Dataset section:
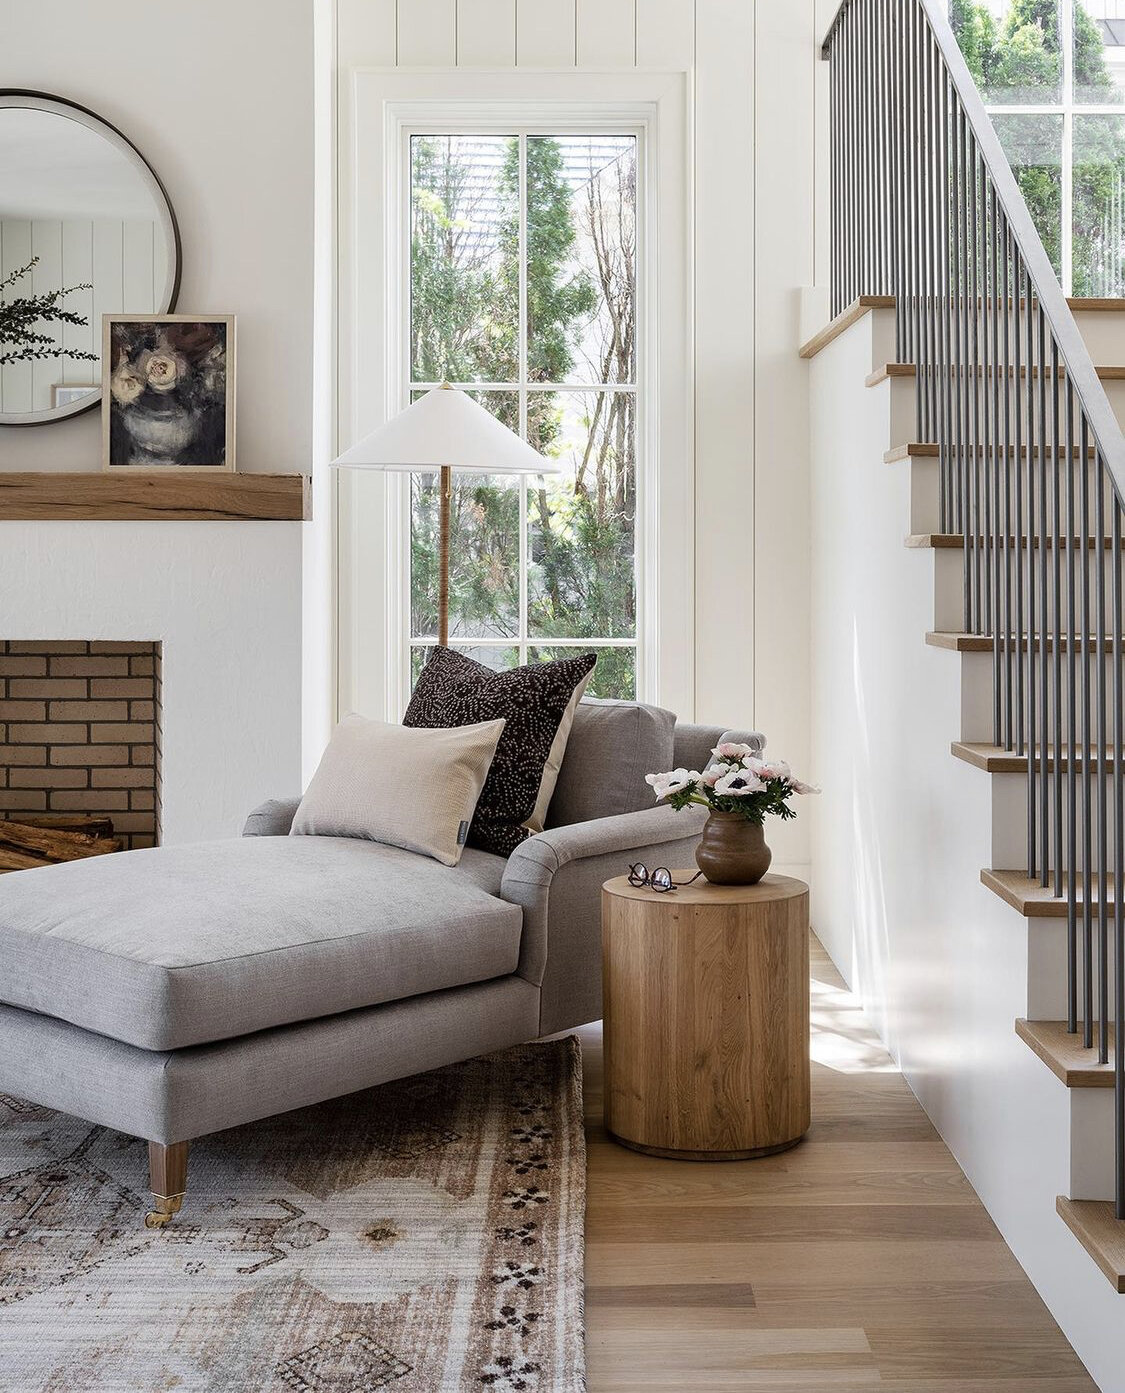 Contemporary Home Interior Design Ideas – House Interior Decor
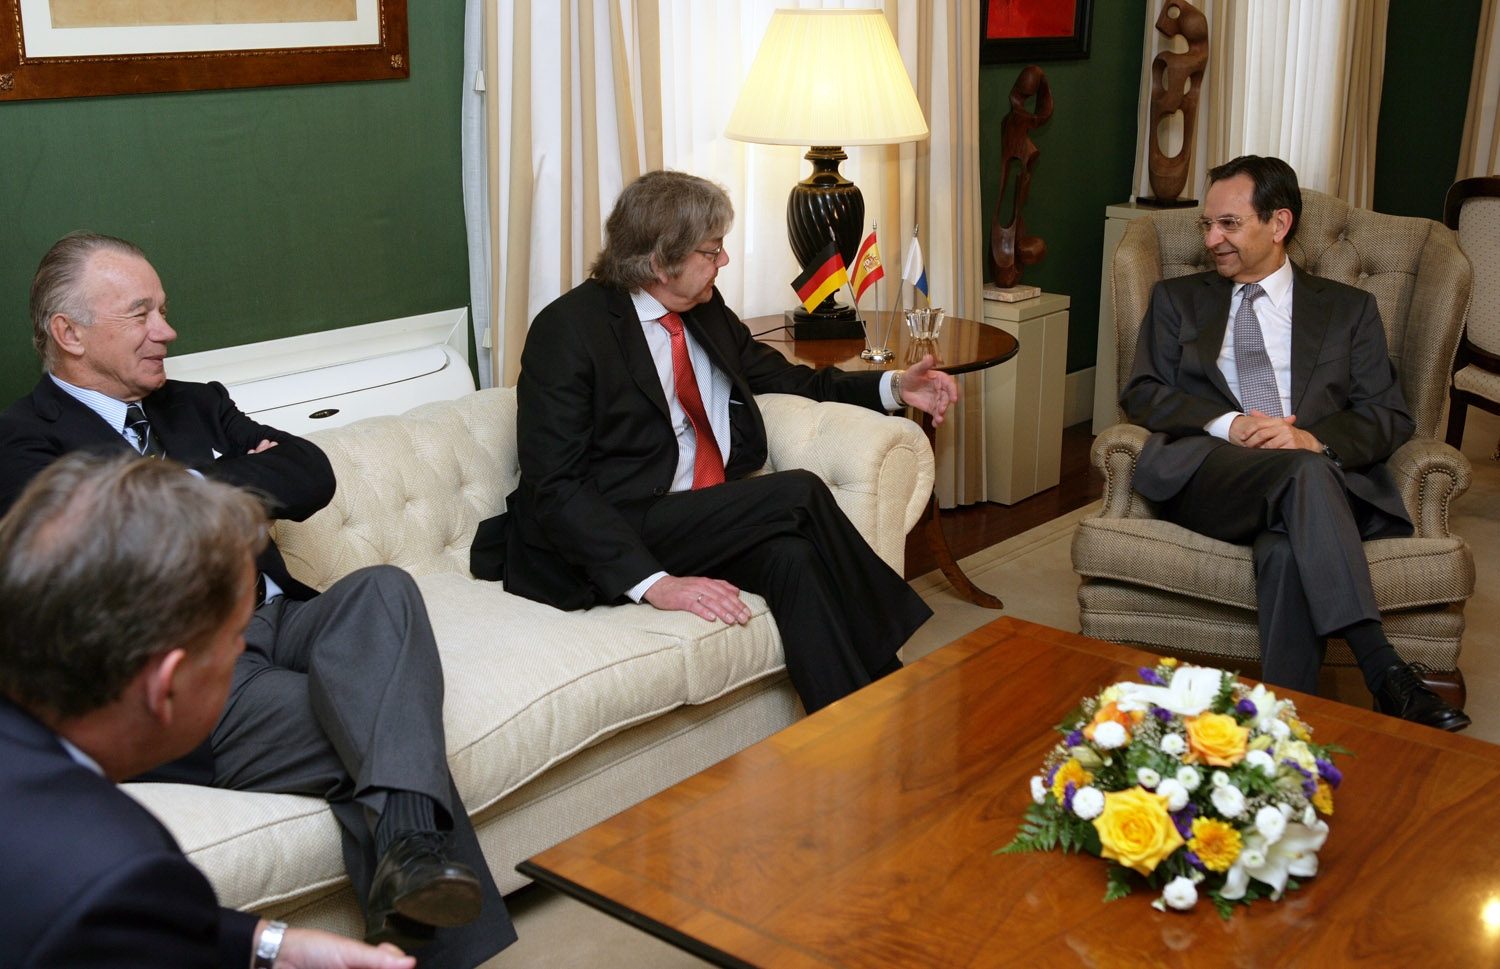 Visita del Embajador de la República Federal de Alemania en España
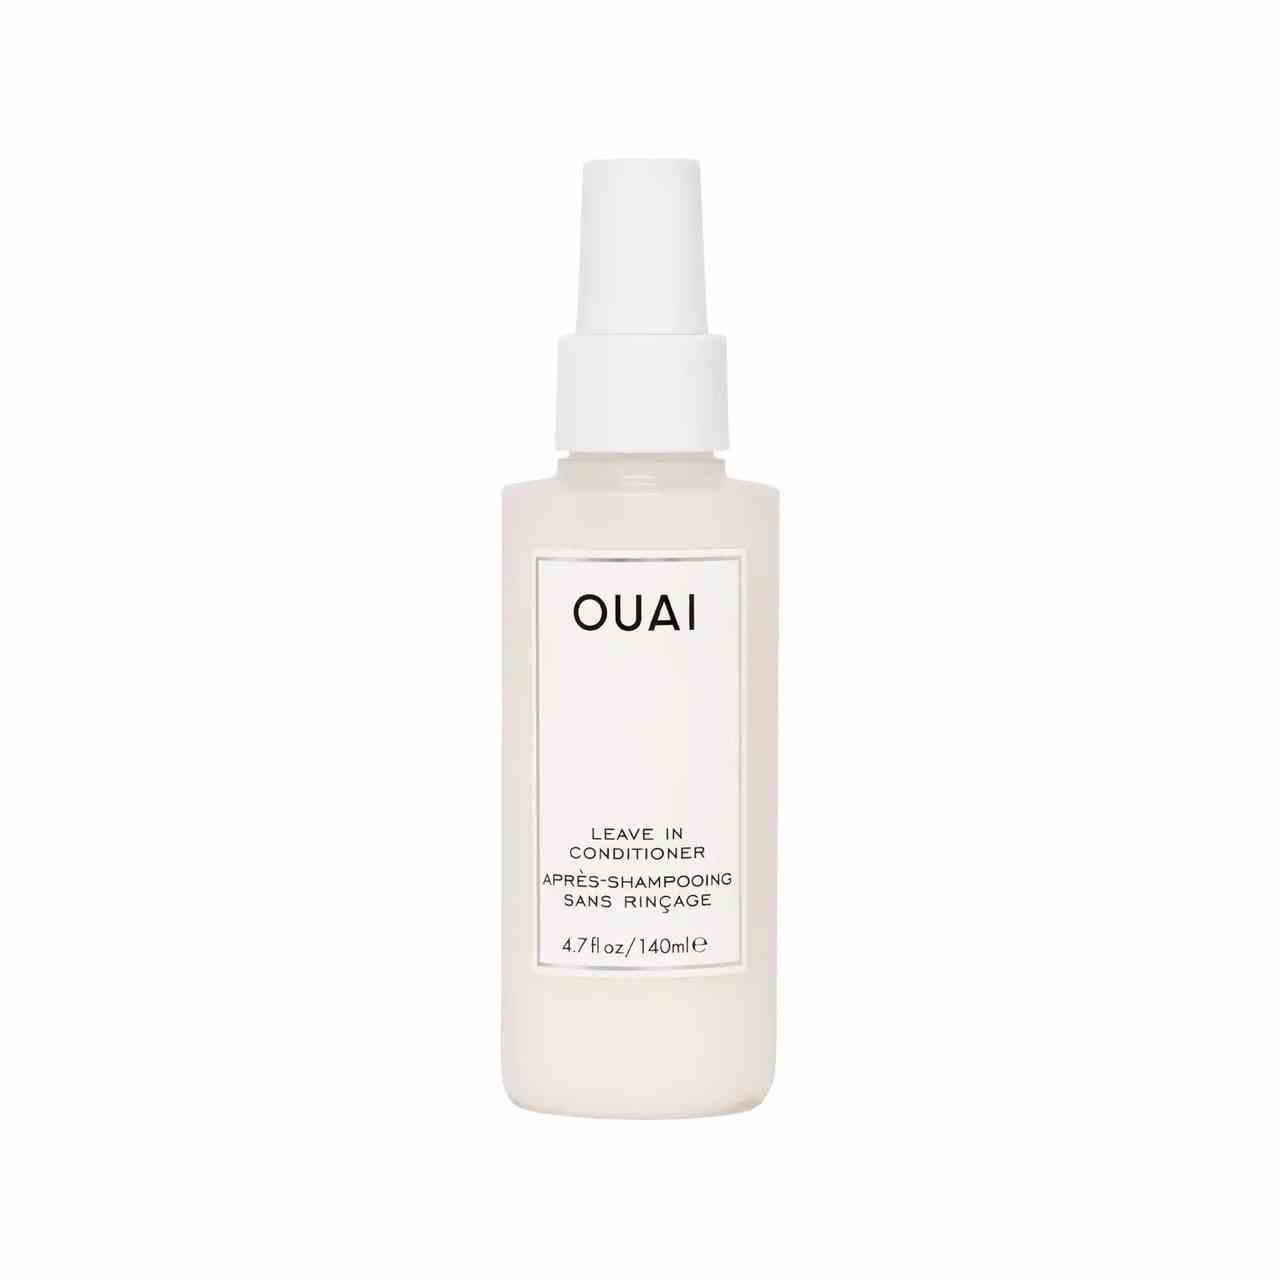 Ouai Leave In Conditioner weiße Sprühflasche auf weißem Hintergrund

Aim of the exercise:
Return every line above exactly, omitting images.

Task response:
 Contemporary Home Interior Design Ideas – House Interior Decor
 Visita del Embajador de la República Federal de Alemania en España
 Ouai Leave In Conditioner weiße Sprühflasche auf weißem Hintergrund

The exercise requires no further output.